Um deine gesetzliche Krankenversicherung kündigen zu können, musst du mindestens deine Abmeldebescheinigung vorlegen und nachweisen, dass du ins Ausland gezogen bist. Manche Versicherungen verlangen auch die Vorlage einer Versicherungspolice im neuen Wohnsitzland oder ein Flugticket. Kündige auf jeden Fall rechtzeitig, denn auch bei der Auswanderung gilt eine Kündigungsfrist von meist zwei Monaten.
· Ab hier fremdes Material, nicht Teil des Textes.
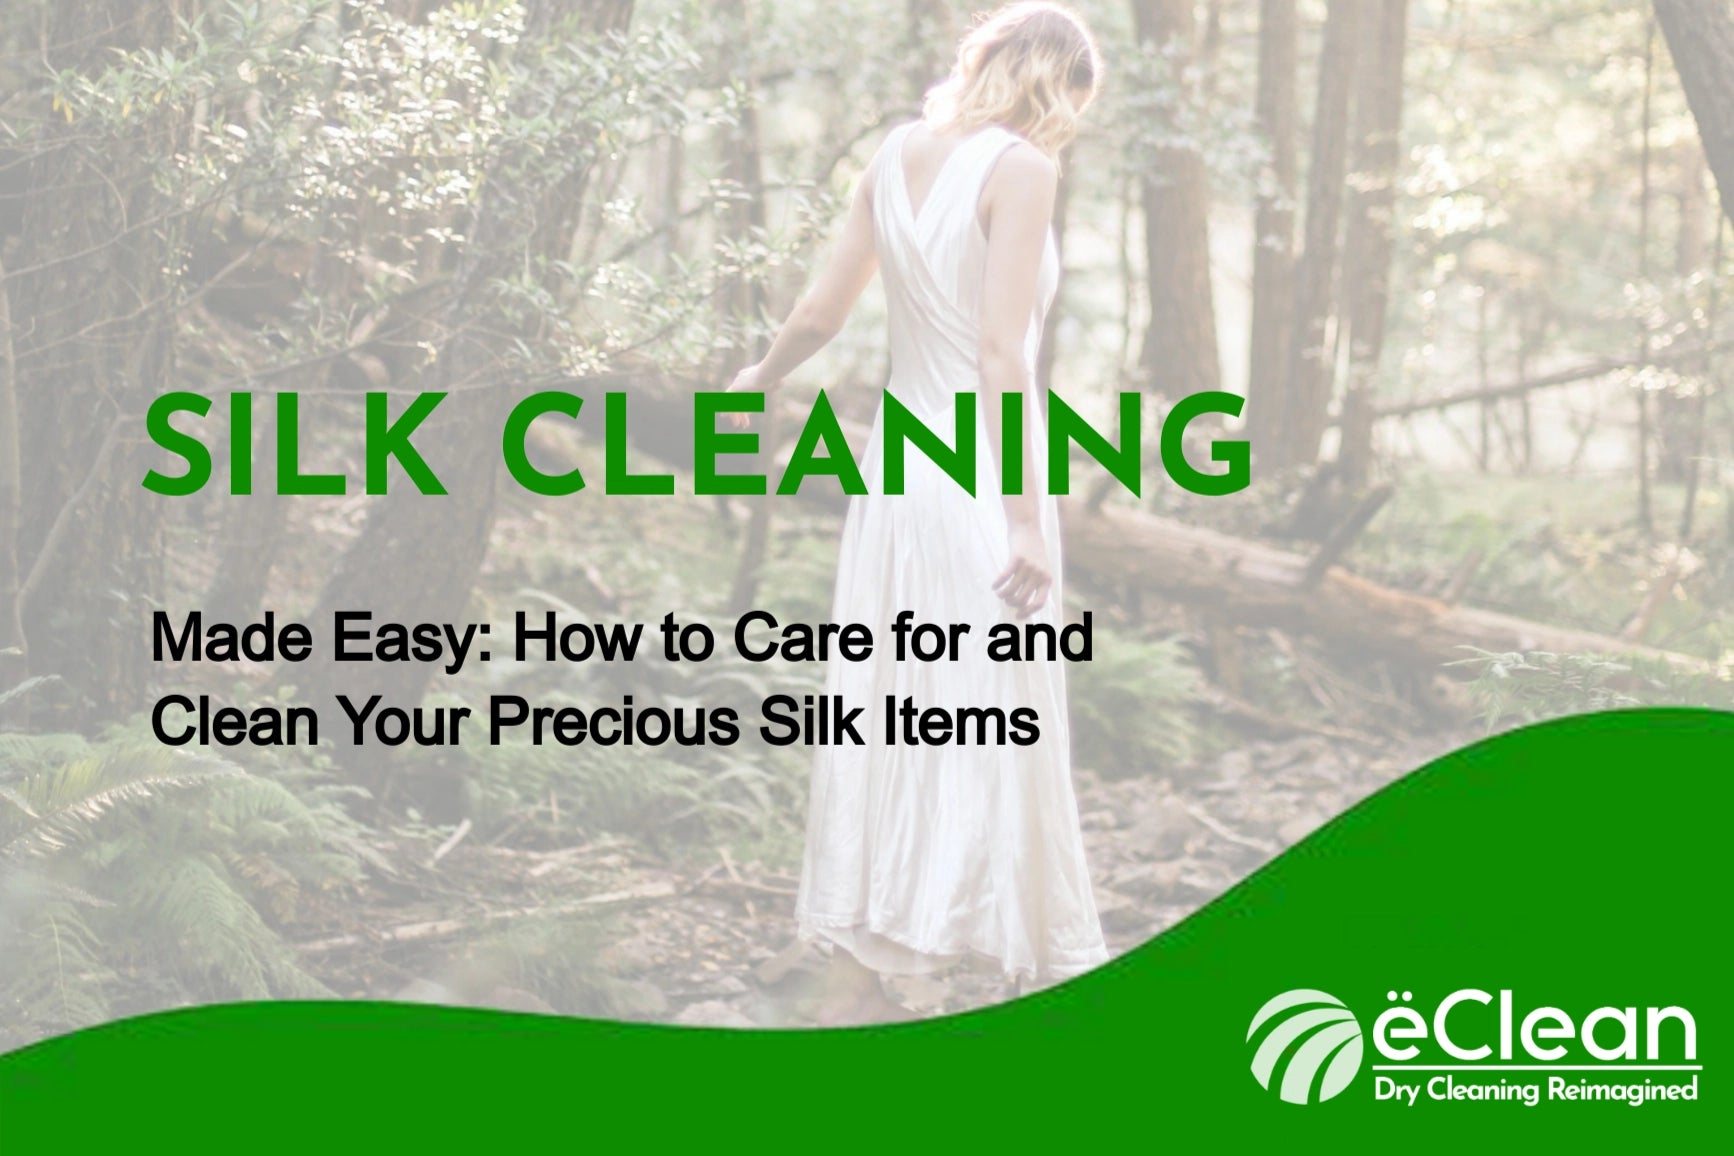 Silk Cleaning Made Easy: How to Care for and Clean Your Precious Silk Items

Für den steuerlichen gewöhnlichen Aufenthalt spielt deine Krankenkasse keine Rolle.
3.7. Muss ich für die Beendigung des gewöhnlichen Aufenthalts mein Auto verkaufen?
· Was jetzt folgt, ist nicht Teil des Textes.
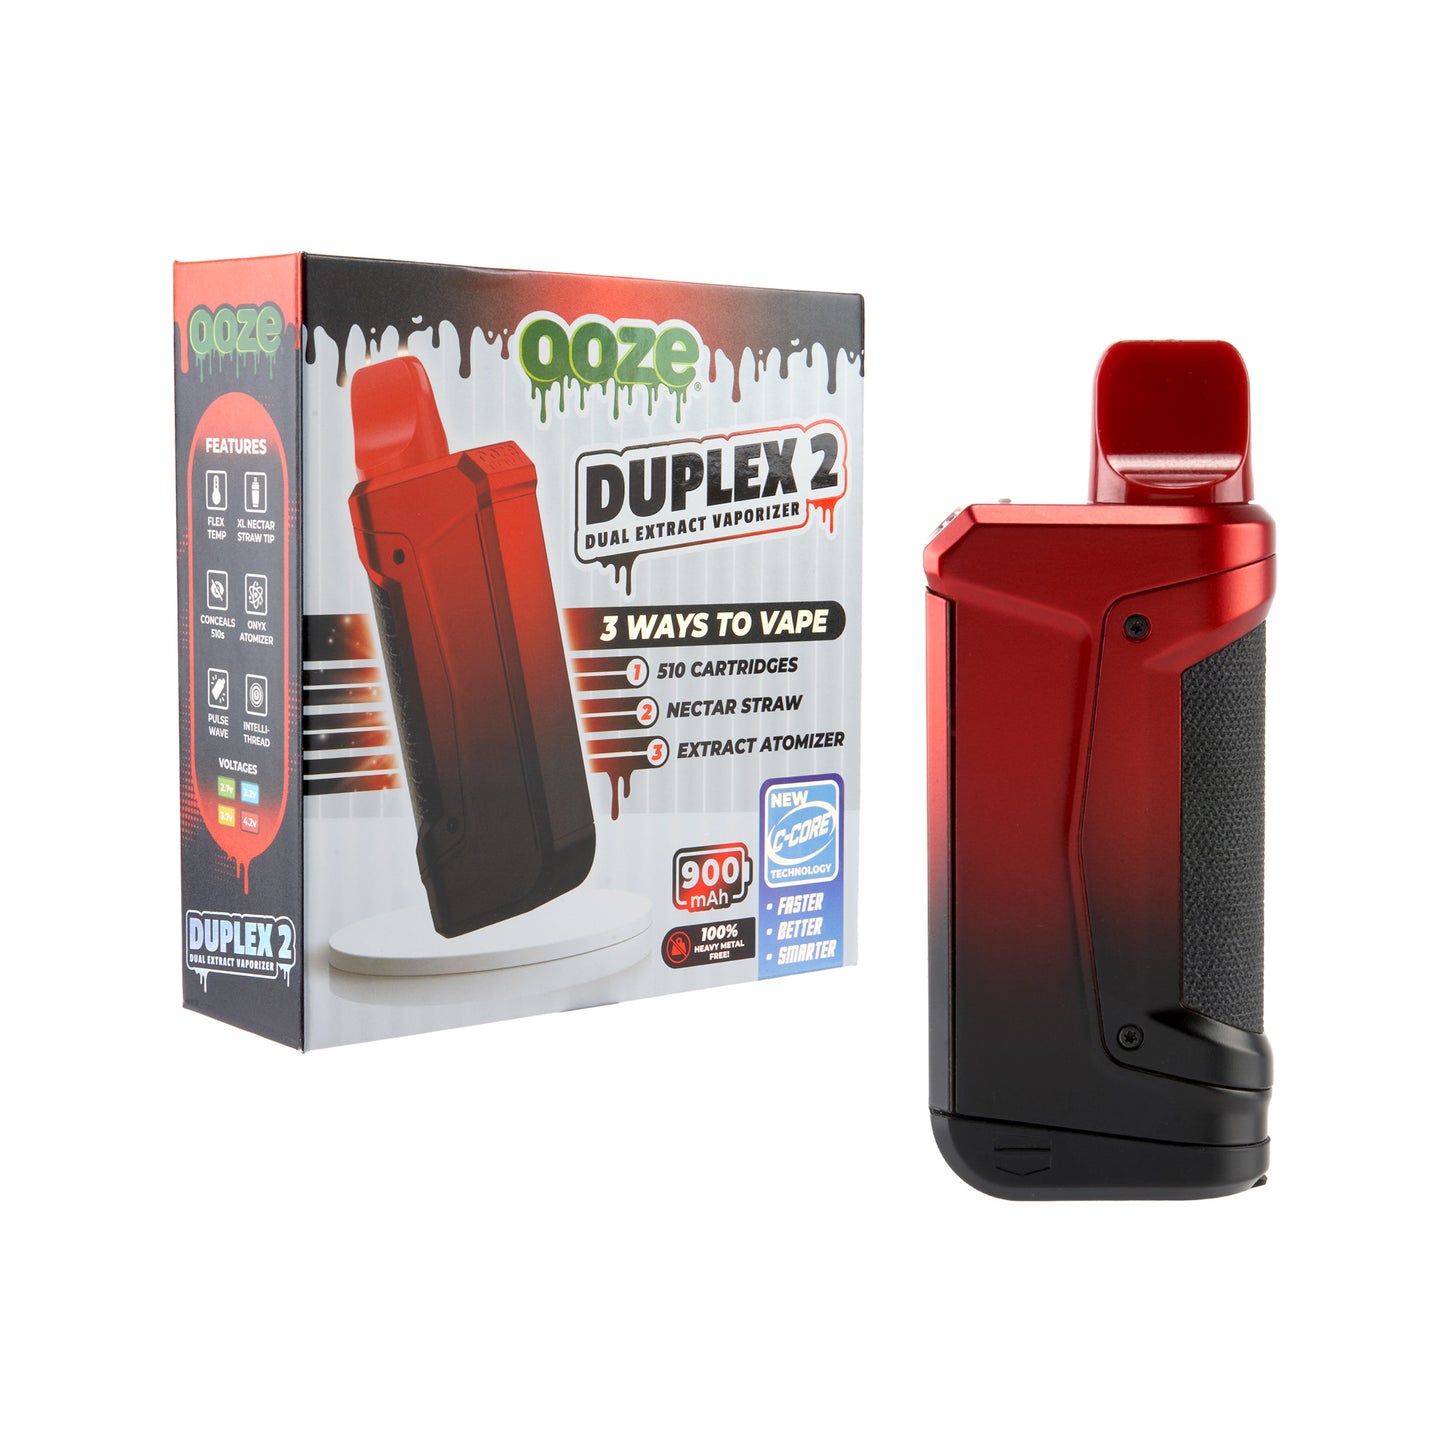 The midnight sun Ooze Duplex 2 extract vaporizer is shown next to the box

Nein, du musst dein Auto nicht unbedingt verkaufen. Wenn du dich aber nicht mehr in Deutschland aufhältst, musst du dich um eine Ummeldung kümmern.
Nimmst du dein Auto mit ins Ausland nimmt, musst du es in Deutschland abmelden und anschließend im neuen Wohnsitzland anmelden. Jedes Land macht dabei etwas andere Vorgaben zum genauen Verfahren. Auch die Frist für die Ummeldung kann sehr unterschiedlich sein. Daher solltest du dich frühzeitig informieren.
Meine Empfehlung: Melde dein Auto auf eine Vertrauensperson um, wenn du es in Deutschland zurücklassen willst!
3.8. Besteht noch Schulpflicht, wenn wir keinen gewöhnlichen Aufenthalt mehr in Deutschland haben?
Ein ähnlich kompliziertes Thema ist die Schulpflicht in Deutschland und wie man sie vermeidet.
Alle Kinder, die in Deutschland ihren Wohnsitz oder gewöhnlichen Aufenthalt haben, unterliegen der Schulpflicht. Die Dauer der Schulpflicht und das Eintrittsdatum sind in den Schulgesetzen der jeweiligen Bundesländer geregelt. Hier gibt es also keine einheitlichen Vorgaben auf Bundesebene.
Die einzelnen Regelungen und die Schulpflicht selbst sind dabei nicht unumstritten. Dennoch ist es bisher in der Praxis so, dass Eltern die Schulpflicht ihres Kindes nur vermeiden können, wenn sie nicht mehr in Deutschland leben. Denn auch Kinder, die keinen gemeldeten Wohnsitz in Deutschland haben, unterliegen der Schulpflicht, wenn sie ihren gewöhnlichen Aufenthalt hier haben. Im Umkehrschluss kann kein Kind beschult werden, das nicht mehr in Deutschland lebt.
Das heißt, wenn du mit deiner Familie auswanderst, habt ihr alle keinen gewöhnlichen Aufenthalt mehr in Deutschland. Dann besteht auch keine Schulpflicht mehr.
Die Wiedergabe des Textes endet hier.